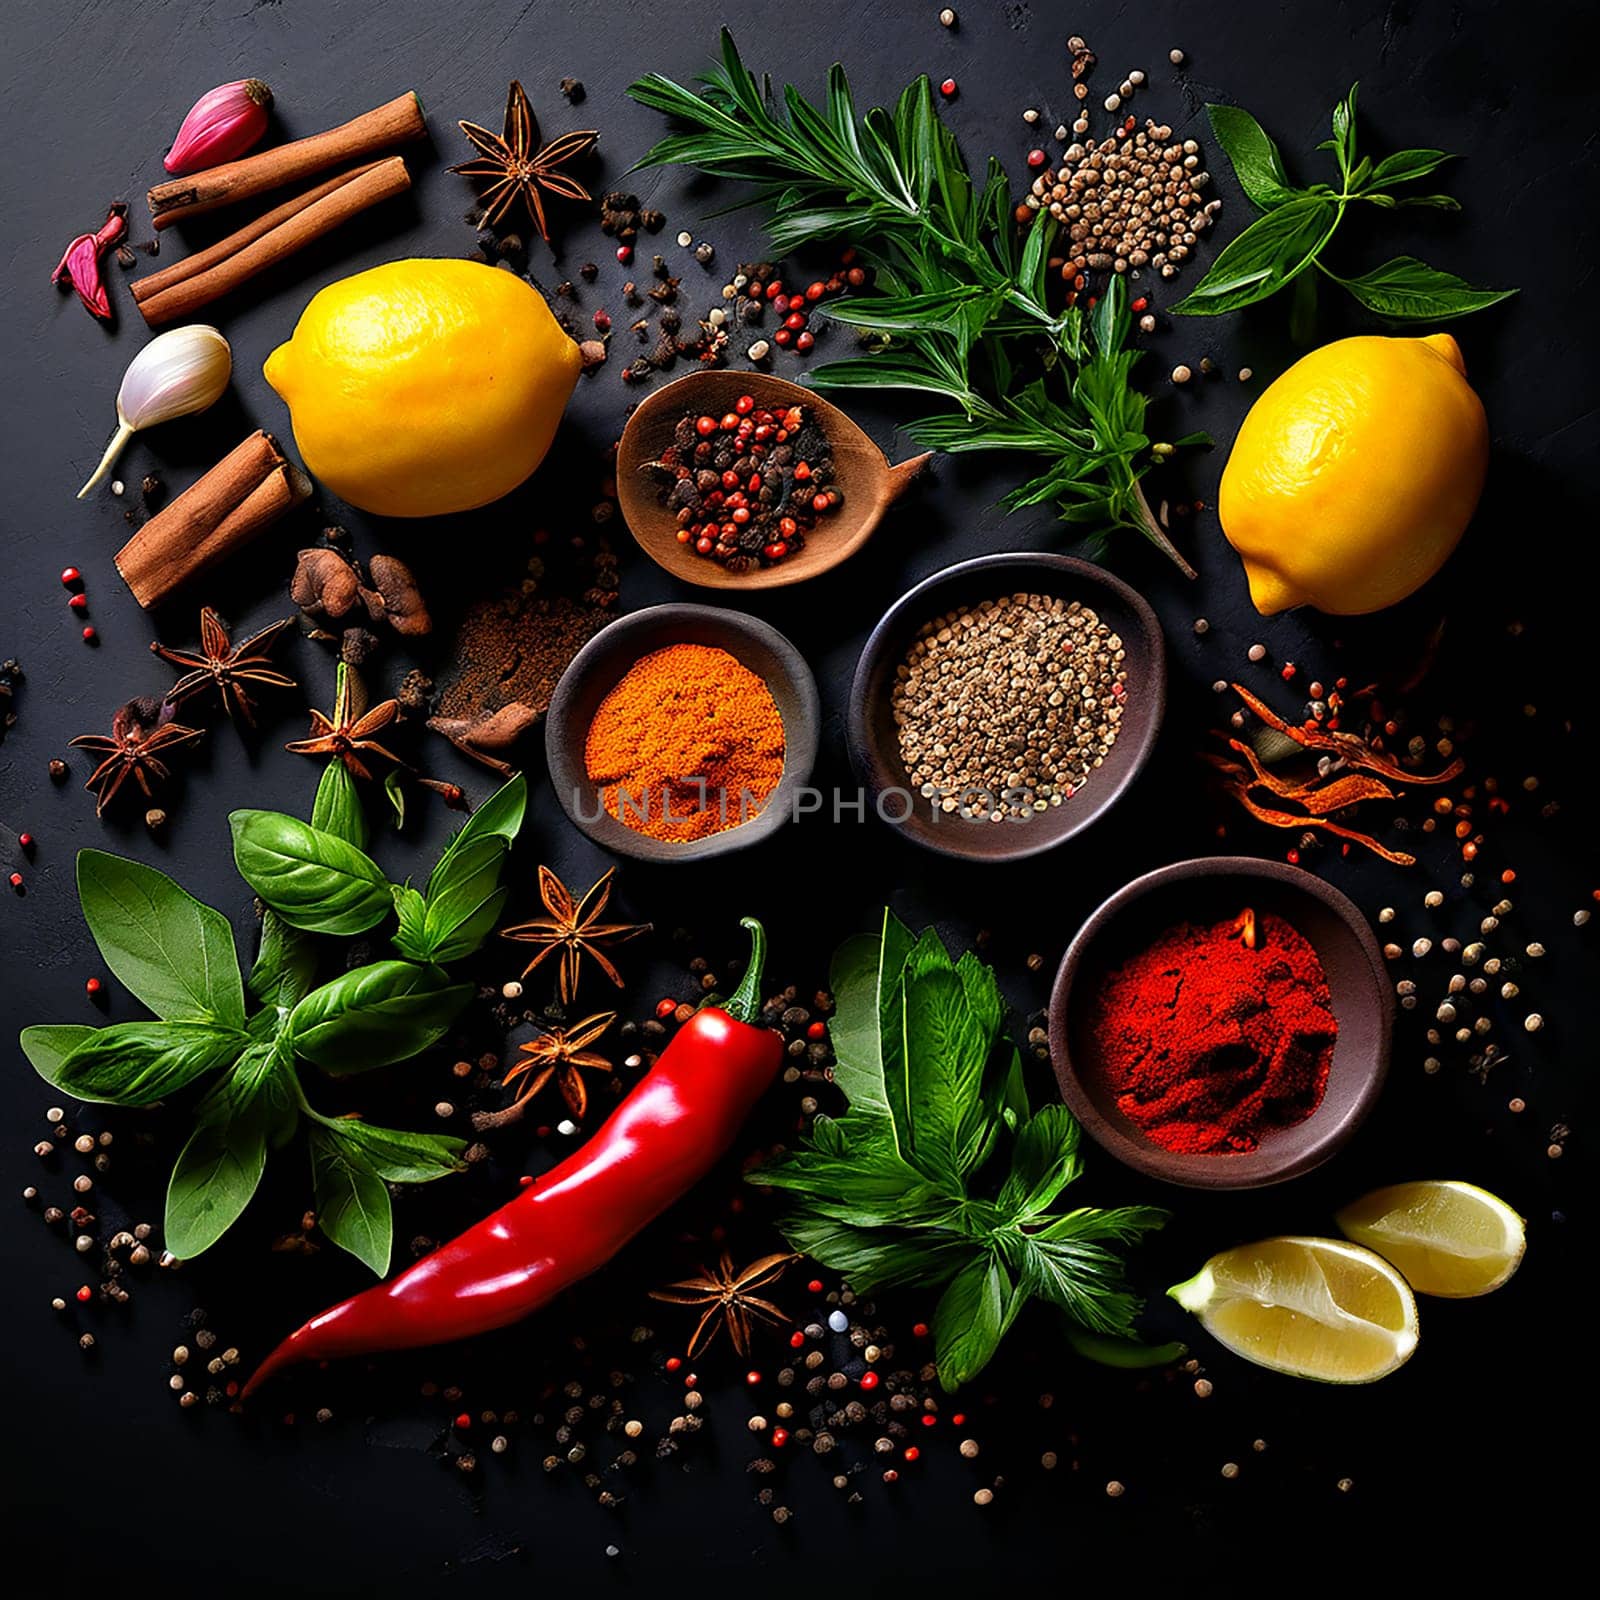 Culinary Delight: Colorful Herbs and Spices on Dark Background by Petrichor
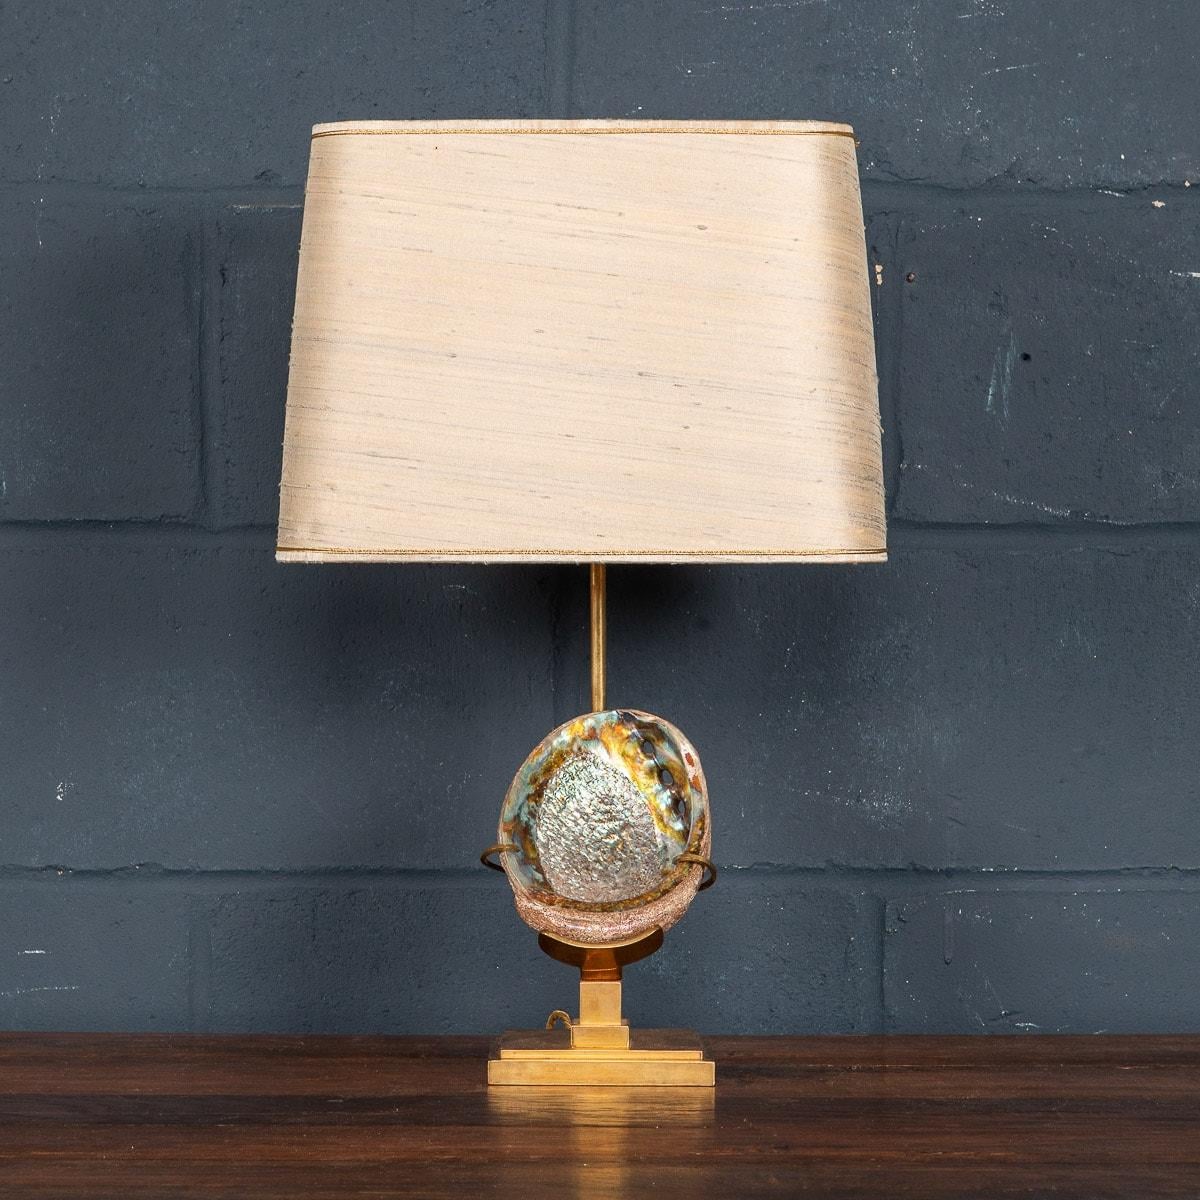 A very rare table lamp (or abat-jour) made by the famous Belgian designer Willy Daro around the late 1960s. The brass lamp base incorporates an abalone shell to the middle. The highly iridescent inner nacre layer of the shell of abalone has
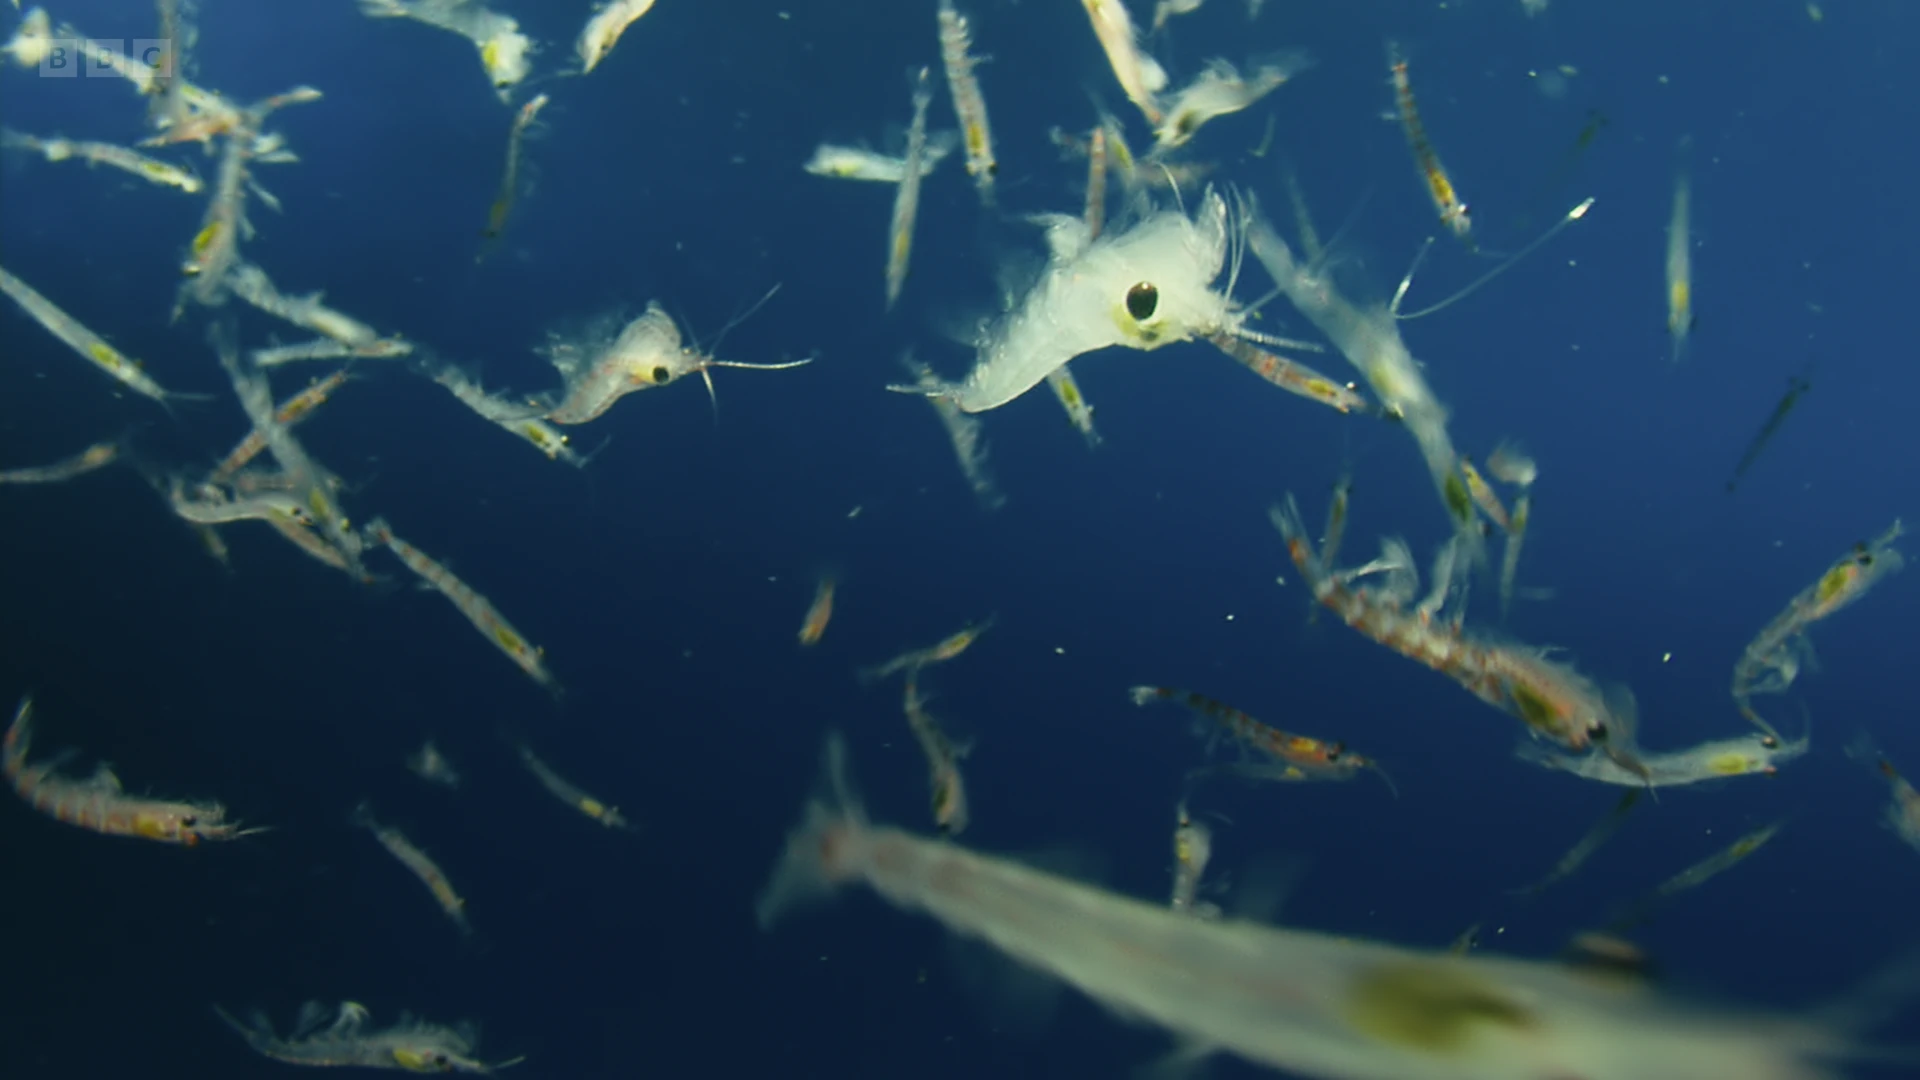 Krill sp. () as shown in A Perfect Planet - The Sun
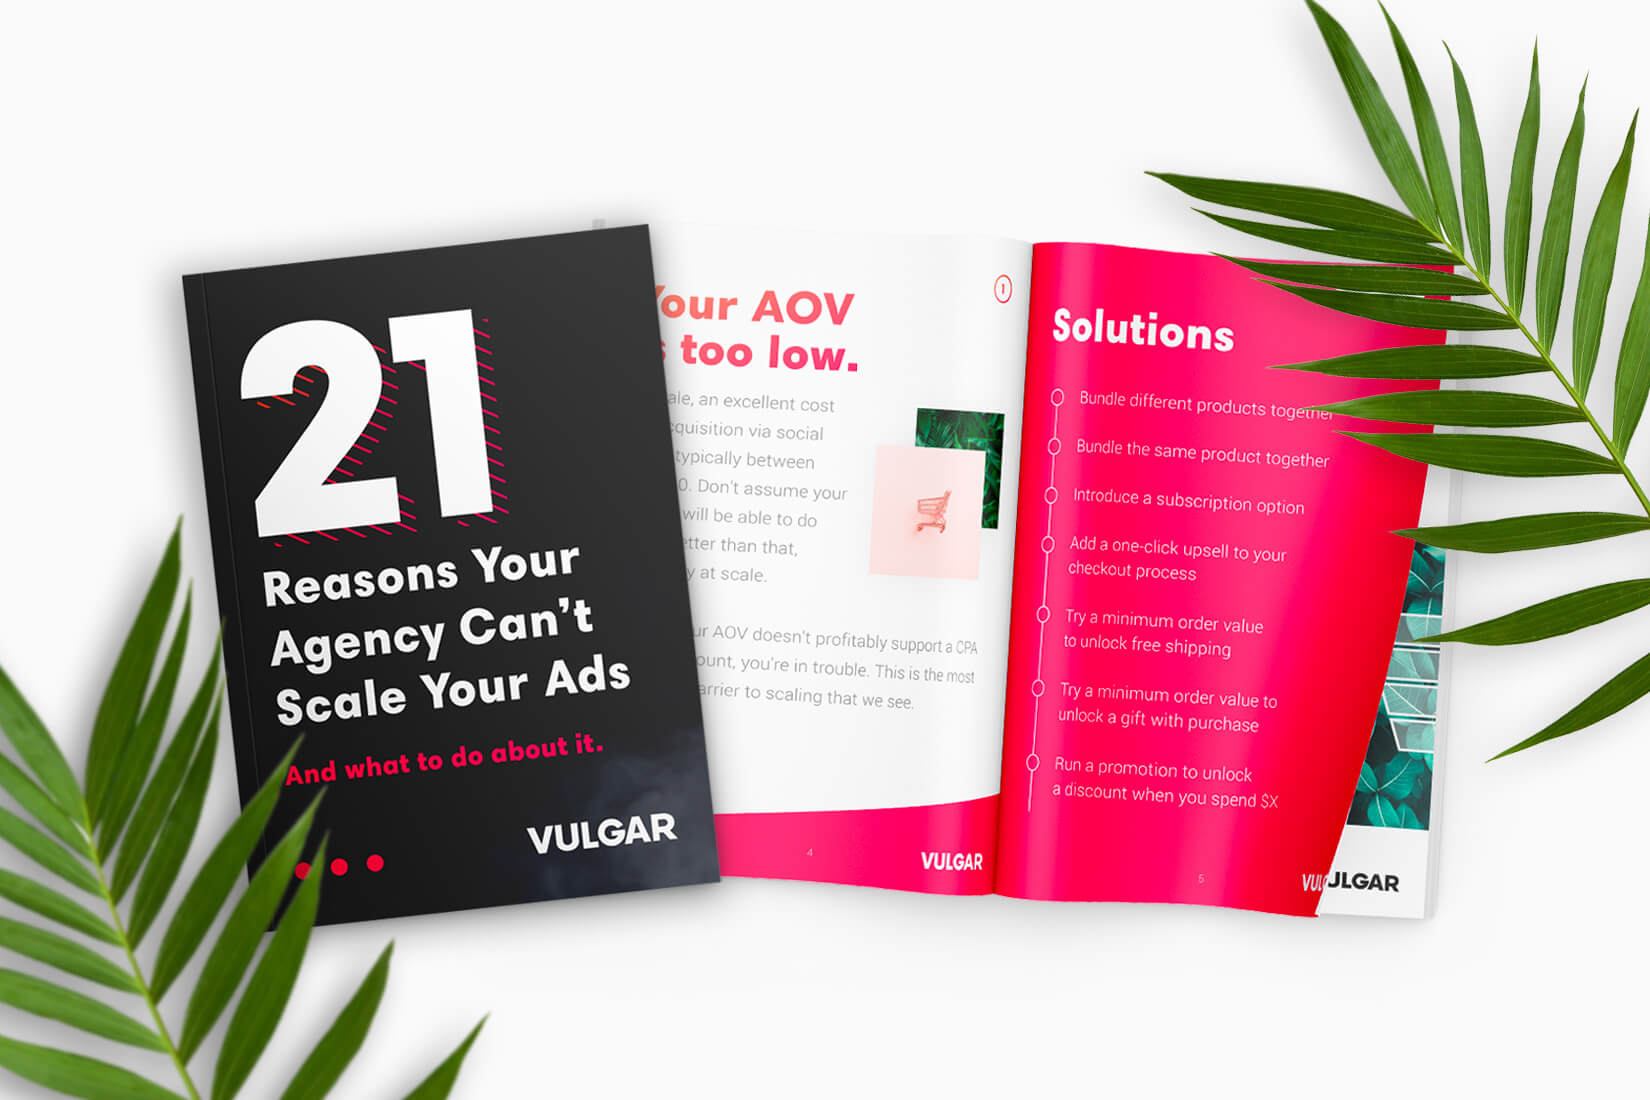 Free eBook: 21 Reasons Your Agency Can’t Scale Your Ads
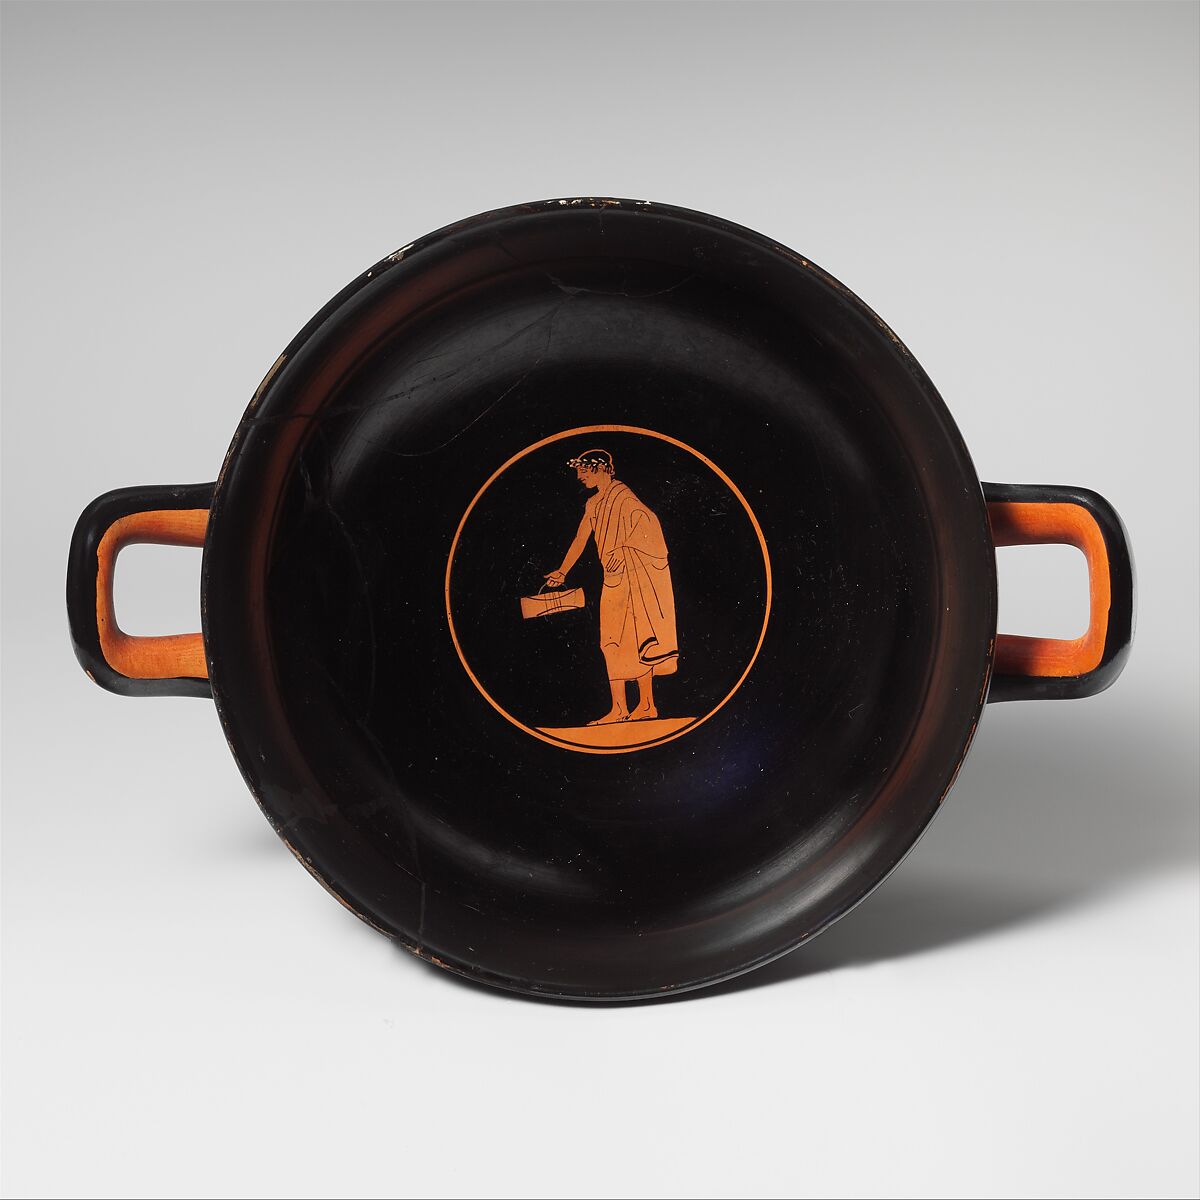 Terracotta kylix (drinking cup), Attributed to the Painter of Munich 2660, Terracotta, Greek, Attic

——————————

• Exercise description: Every line from the one with "Free eBook: 21" through the end of the records is to be reproduced exactly, and the pictures are to be left out.

• Exercise result:
 Free eBook: 21 Reasons Your Agency Can’t Scale Your Ads
 Terracotta kylix (drinking cup), Attributed to the Painter of Munich 2660, Terracotta, Greek, Attic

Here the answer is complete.